Shortly before sentencing Martin, Weinstein told the victims, “He probably never had a shot from the day he was born.”
“I get frustrated seeing people like Mr. Martin,” he said. “I have to send him to jail.”
In some cases, Martin took women’s purses without actually assaulting them, but in two of the cases, the crimes involved force. In Keyes’ case, it was a brutal attack that left her sitting in a pile of her mail, spattered with her blood, thinking Martin was going to kill her.
“Oh my God, I could die,” Keyes remembered thinking, she said, in an interview.
The attack left her with a long cut inside her mouth which had to be stitched up, and nerve damage, she said.
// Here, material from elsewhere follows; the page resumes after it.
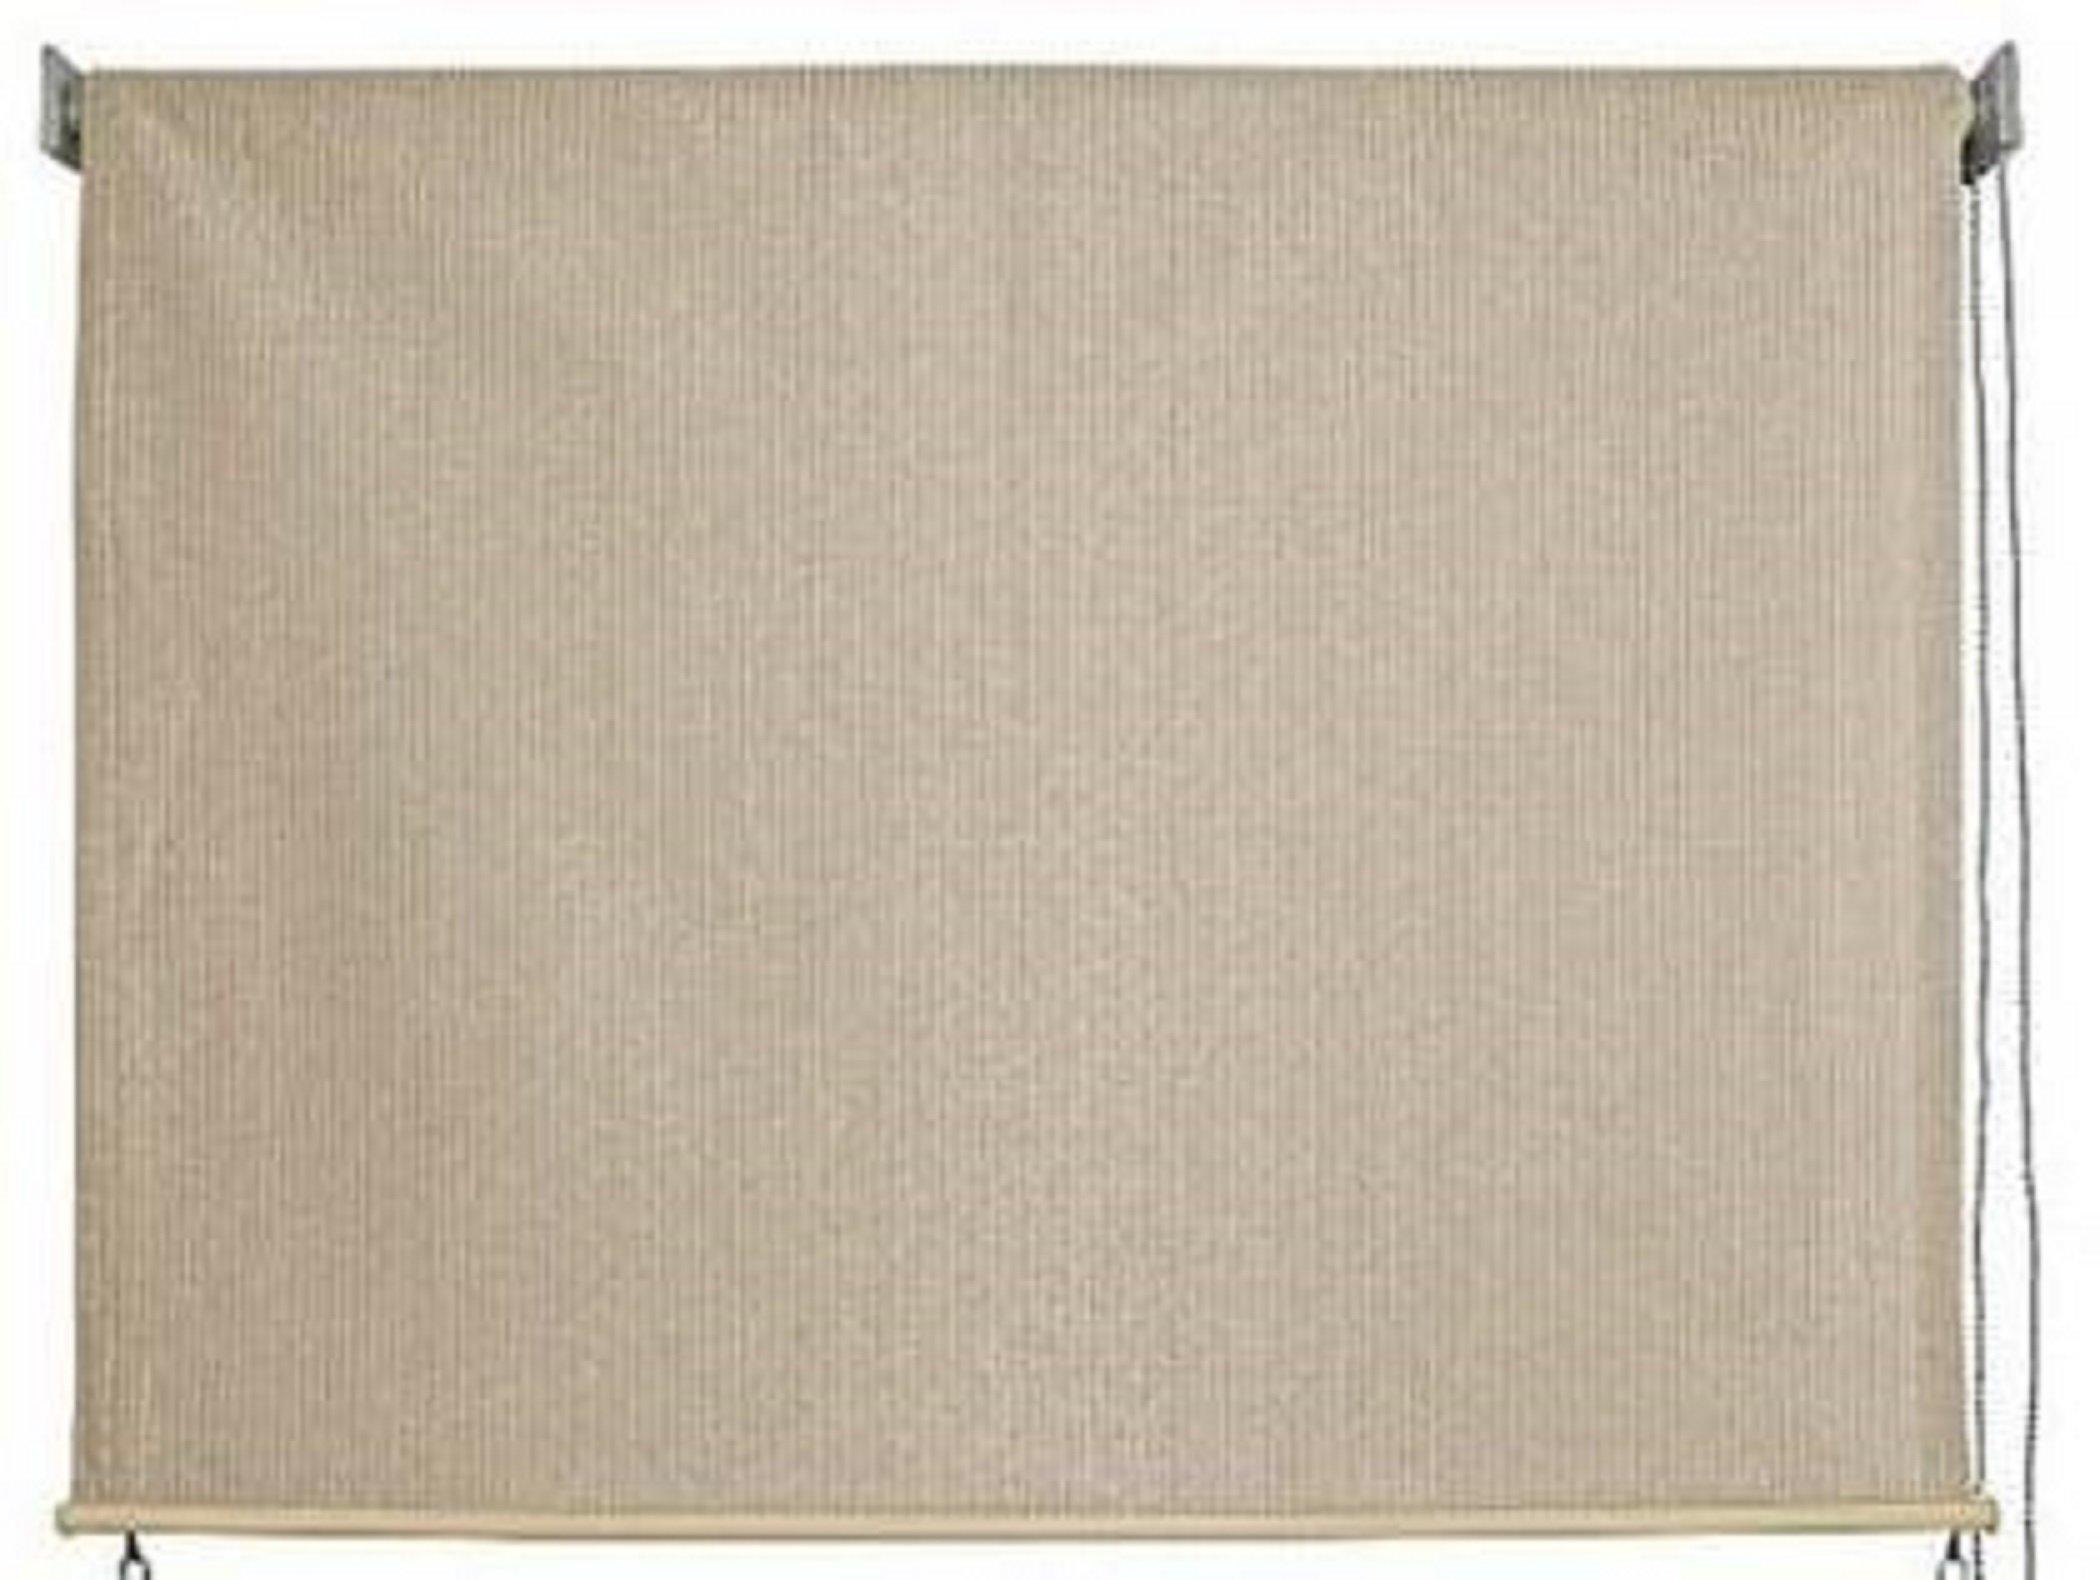 Keystone Fabrics Outdoor Roller Sun Shade, 8-Feet by 6-Feet, Monterey by Keystone Fabrics
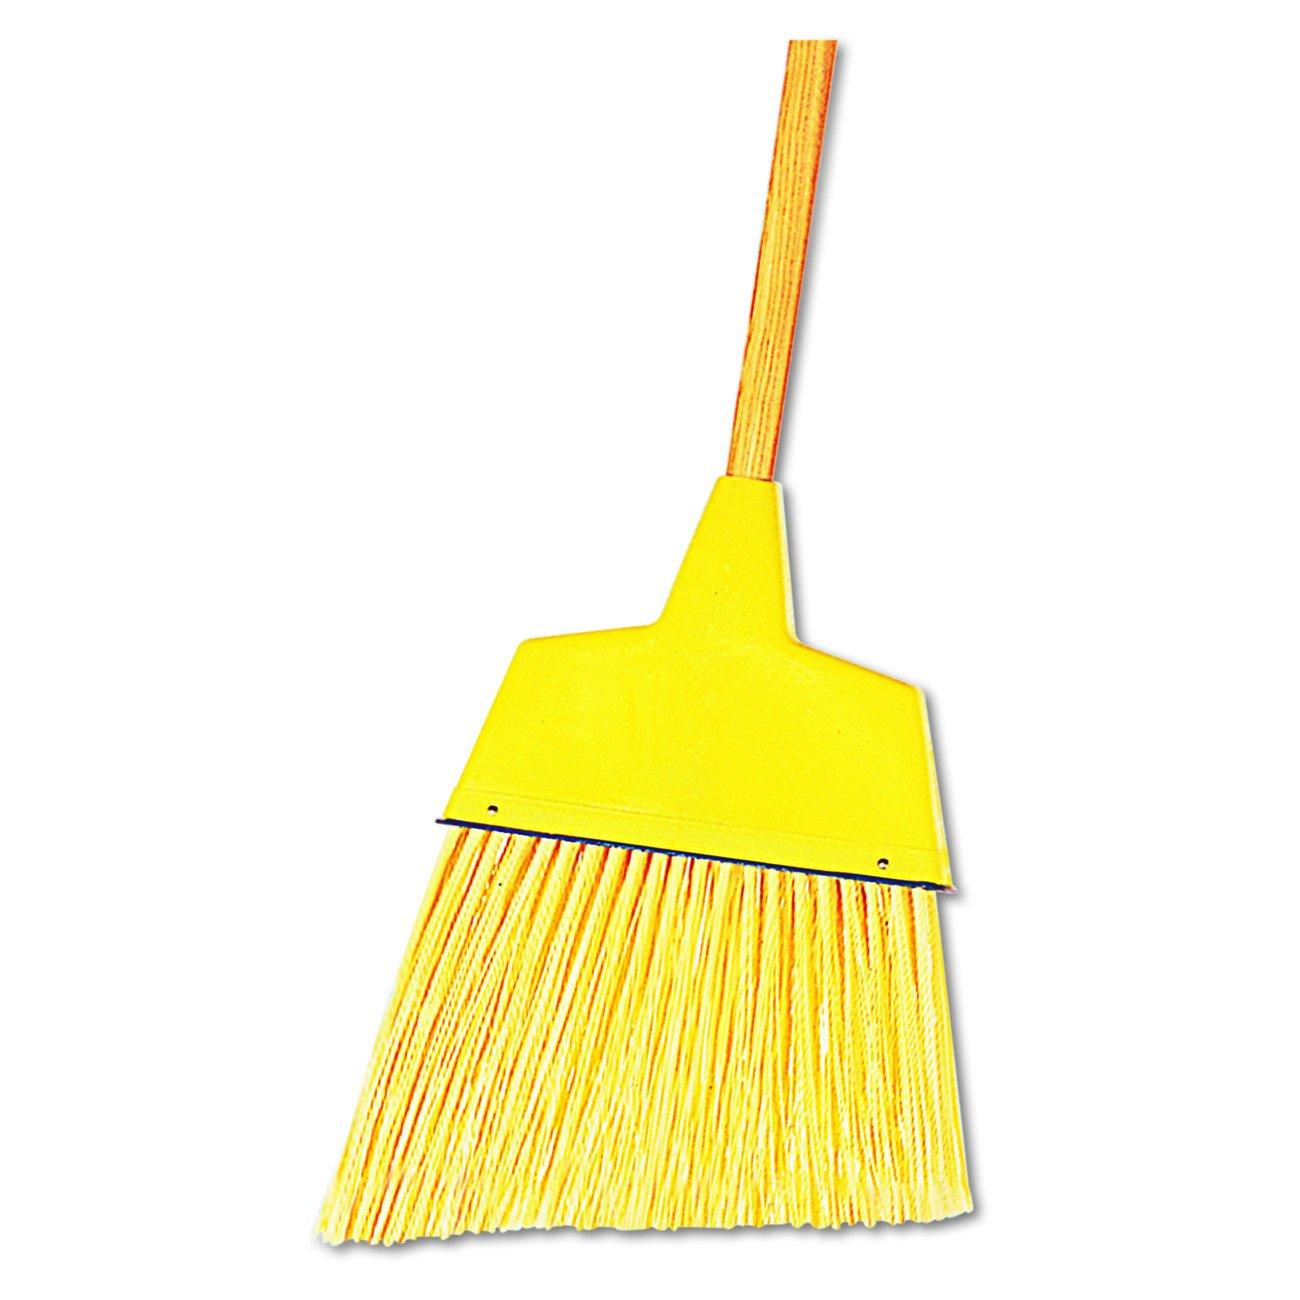 Boardwalk 932A Angler Broom, Plastic Bristles, 42'' Wood Handle, Yellow (Pack of 12)

She also had a cut above her eye that went to the bone, and a wrenched shoulder. Months after the attack, the pain still hasn’t disappeared, she said.
Those were just some of the physical injuries — now, she talks to herself to give herself courage in the dark, and locks the doors as soon as she gets in her car.
Adam Harris, Martin’s public defender, said that Martin’s crimes stemmed from a lifetime of drug addiction.
“The only thing on his mind was getting high,” Harris said. He had asked Weinstein to sentence Martin to 10 years in prison. “The world of drugs was the world he knew,” Harris said.
When he spoke, Martin apologized to three of the women he robbed or tried to rob who were at the sentencing. He said he first began smoking marijuana when he was 12, continuing until he was 18, when he also began using PCP and cocaine.
“I know I hurt people. I wouldn’t want anyone to do that to my family. I don’t know how much good it’s going to do, but I’m sorry,” said Martin, a slim, bearded man with a short afro.